> Assignment:
In your copy of the data, omit the pictures and keep all else exactly as given.

> Data excerpt:

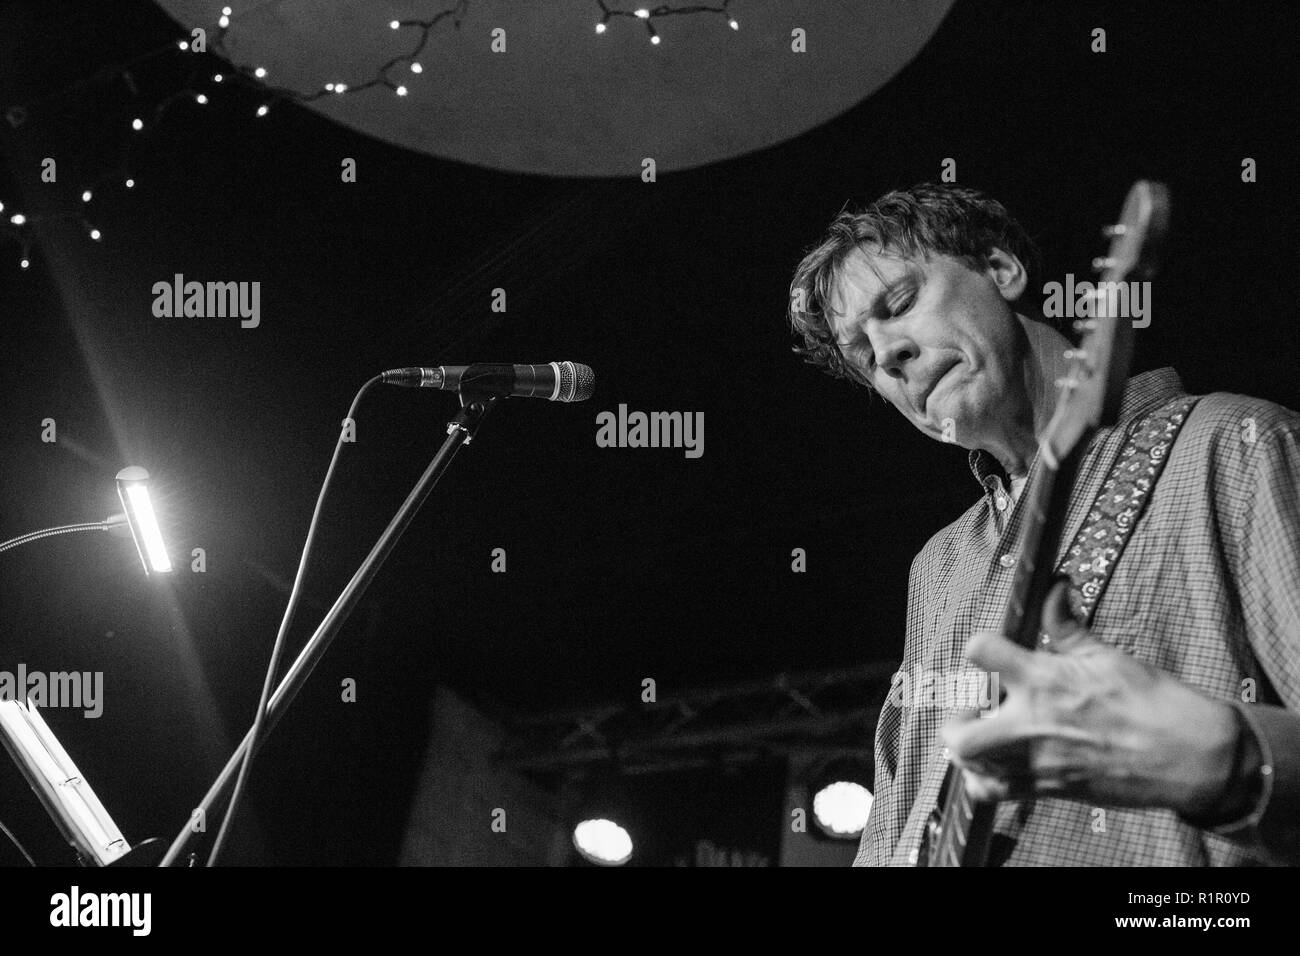 Thurston Moore (Thurston Moore Band, Thurston Moore Group, ex Sonic Youth) - May 2015 - Cluny Newcastle - Live concert photography Stock Photo
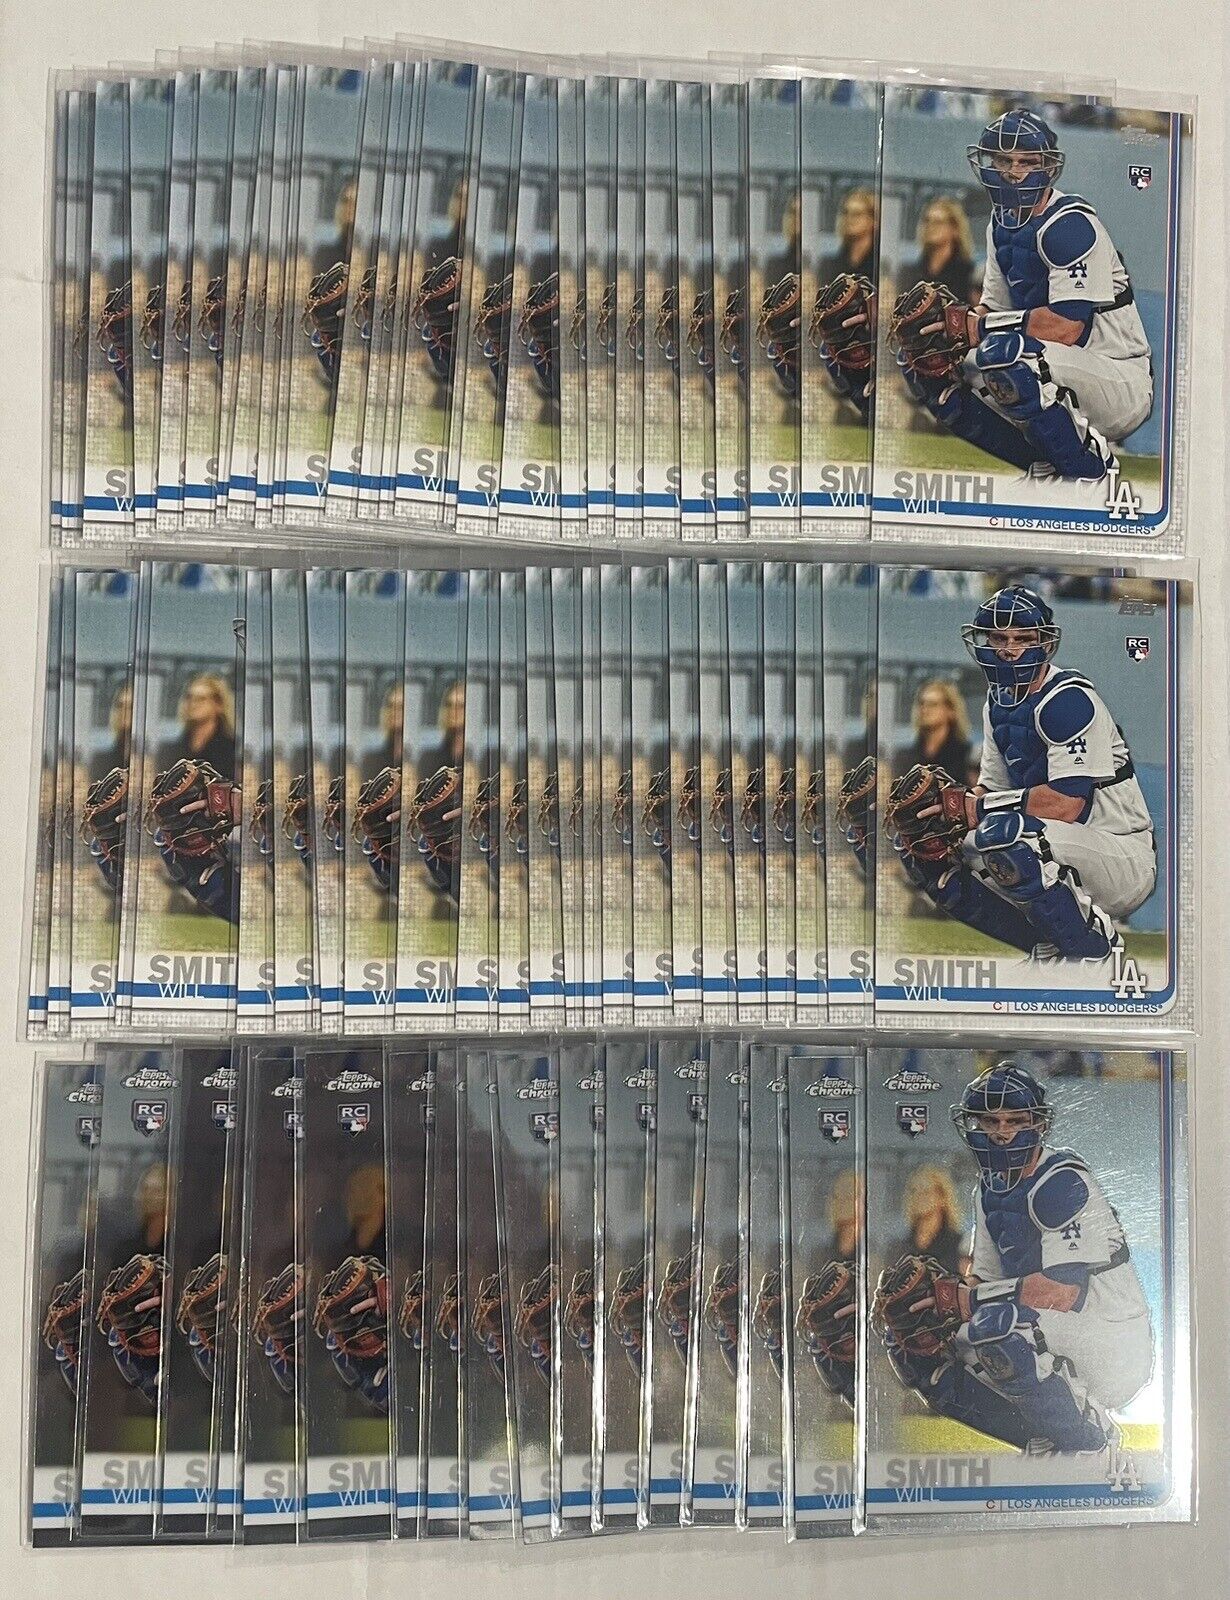 2019 Topps Update / Chrome LOT OF 70 Will Smith RC Rookie 53 Paper + 17 Chrome
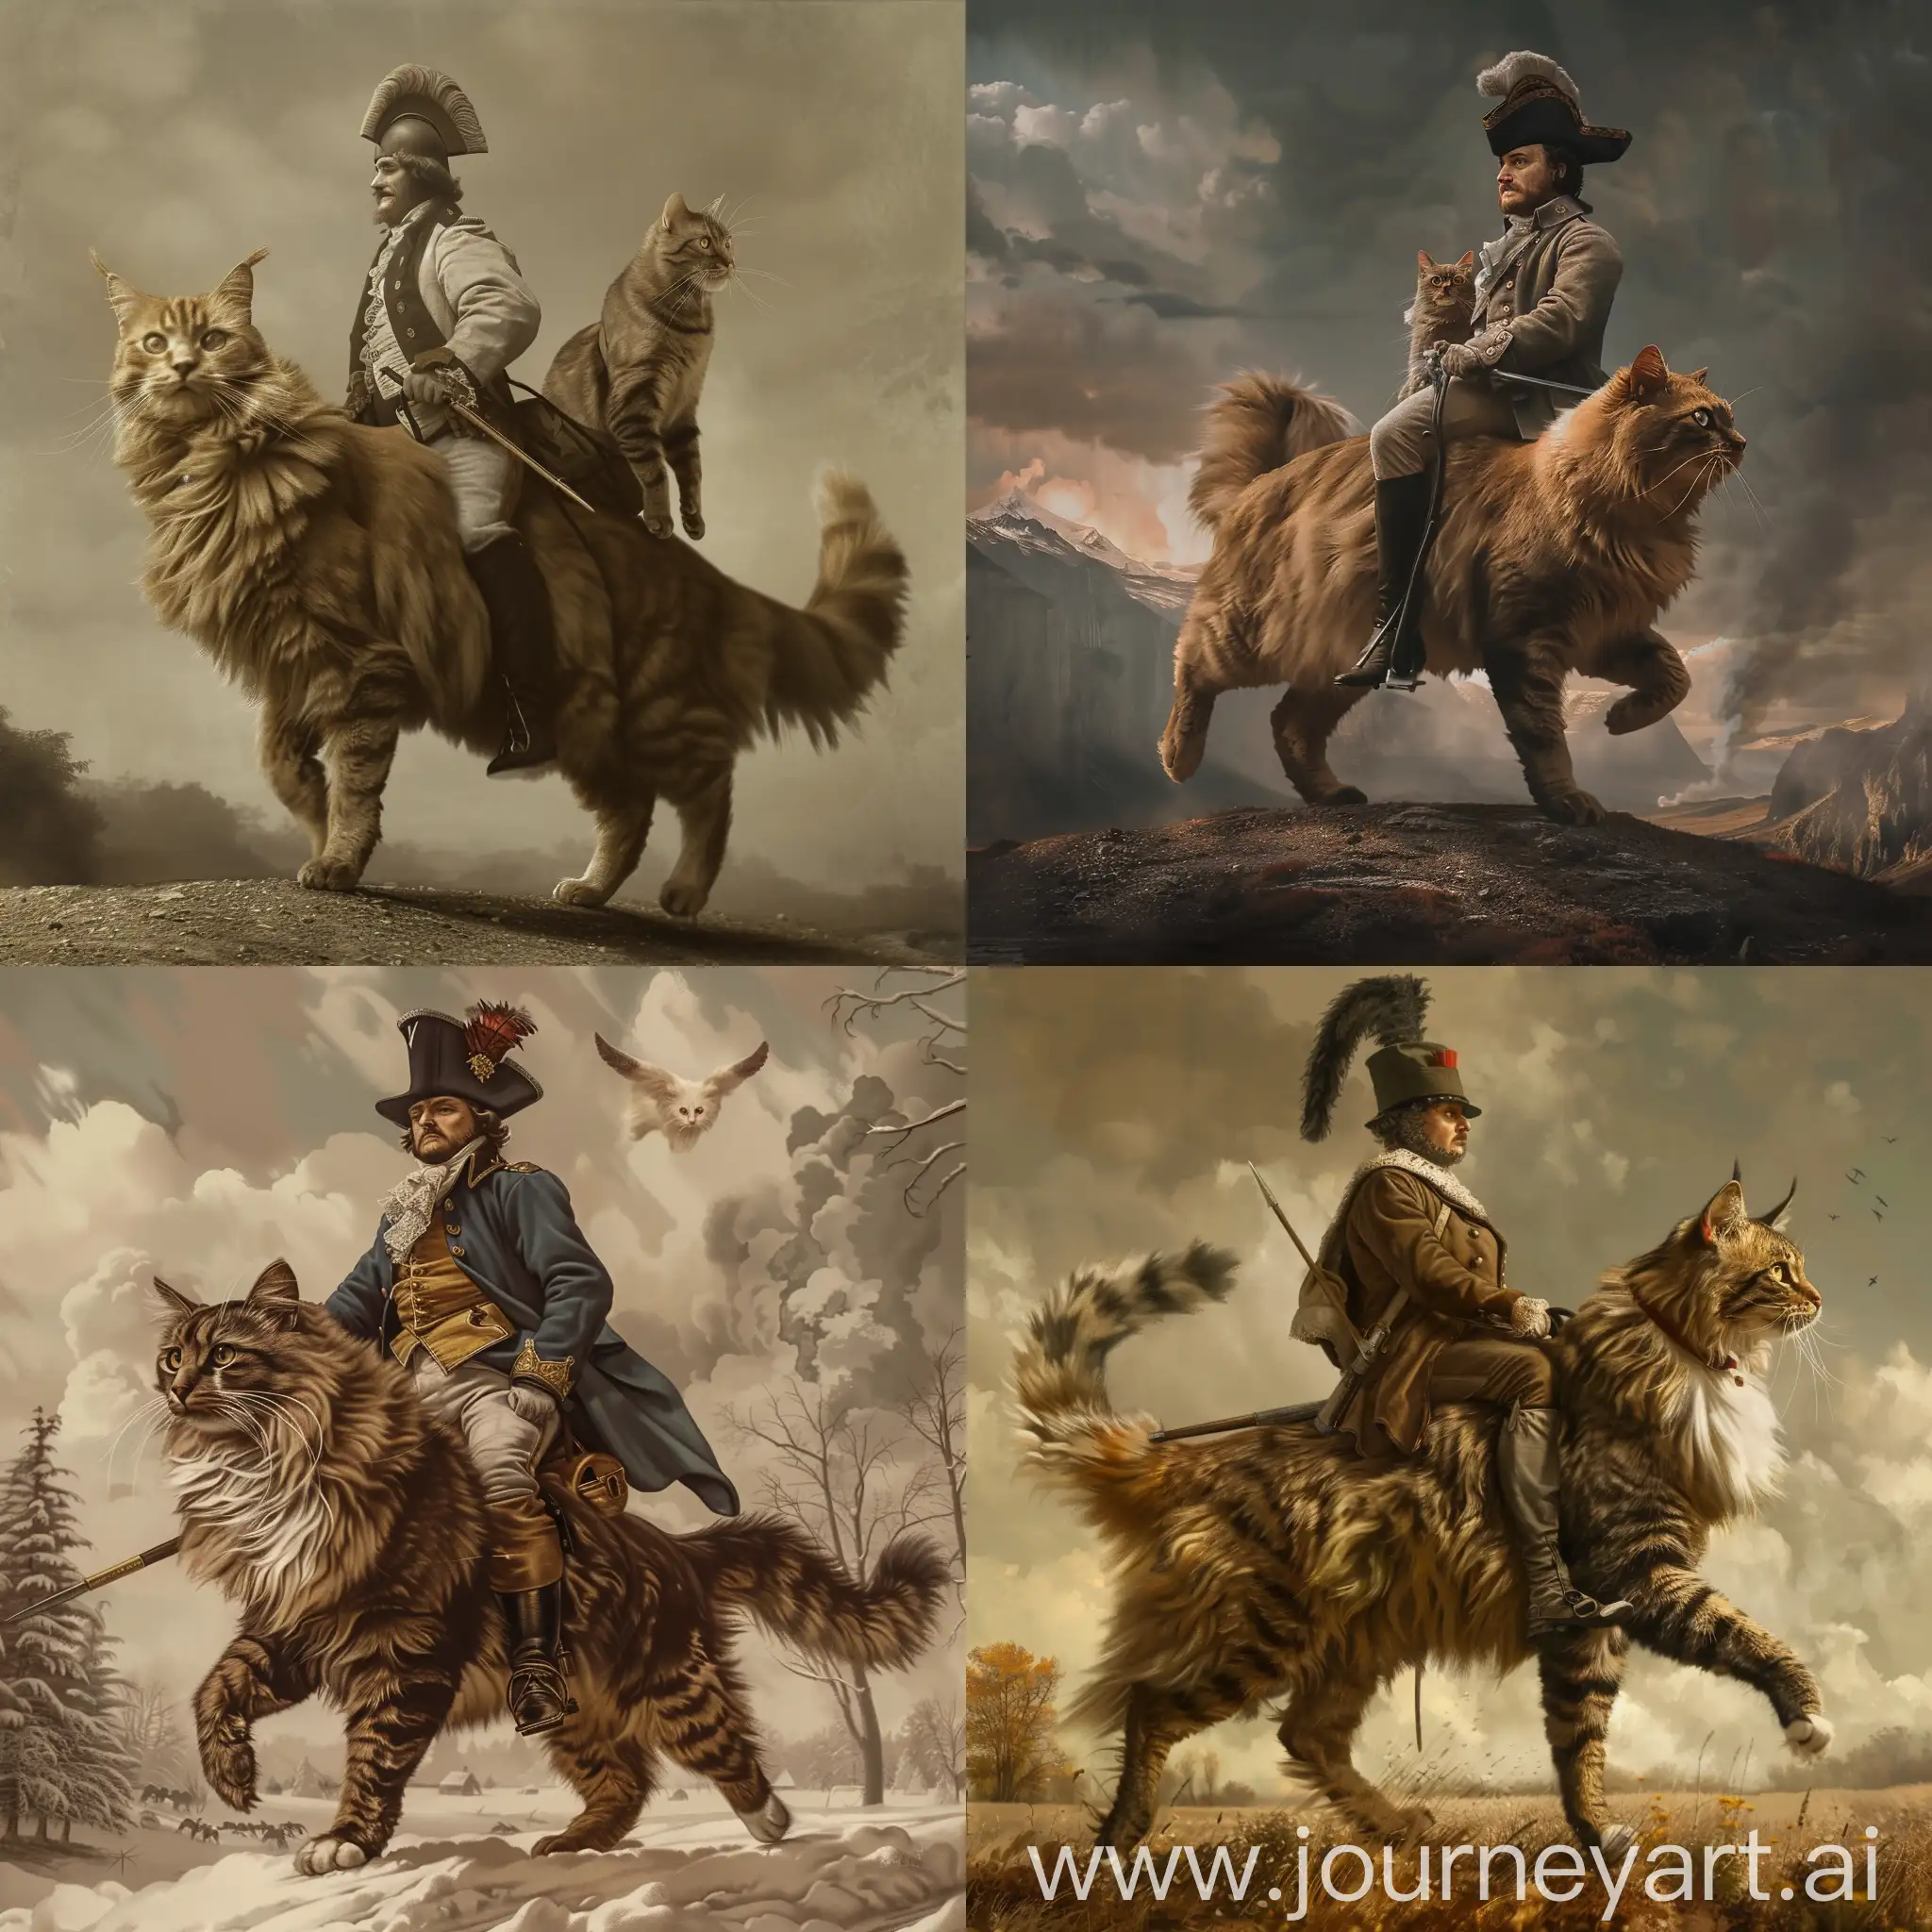 Napoleon-Riding-Maine-Coon-Cat-to-War-in-Realistic-Vintage-Art

> Reply to the exercise:
 Thurston Moore (Thurston Moore Band, Thurston Moore Group, ex Sonic Youth) - May 2015 - Cluny Newcastle - Live concert photography Stock Photo
 2019 Topps Update / Chrome LOT OF 70 Will Smith RC Rookie 53 Paper + 17 Chrome
 Napoleon-Riding-Maine-Coon-Cat-to-War-in-Realistic-Vintage-Art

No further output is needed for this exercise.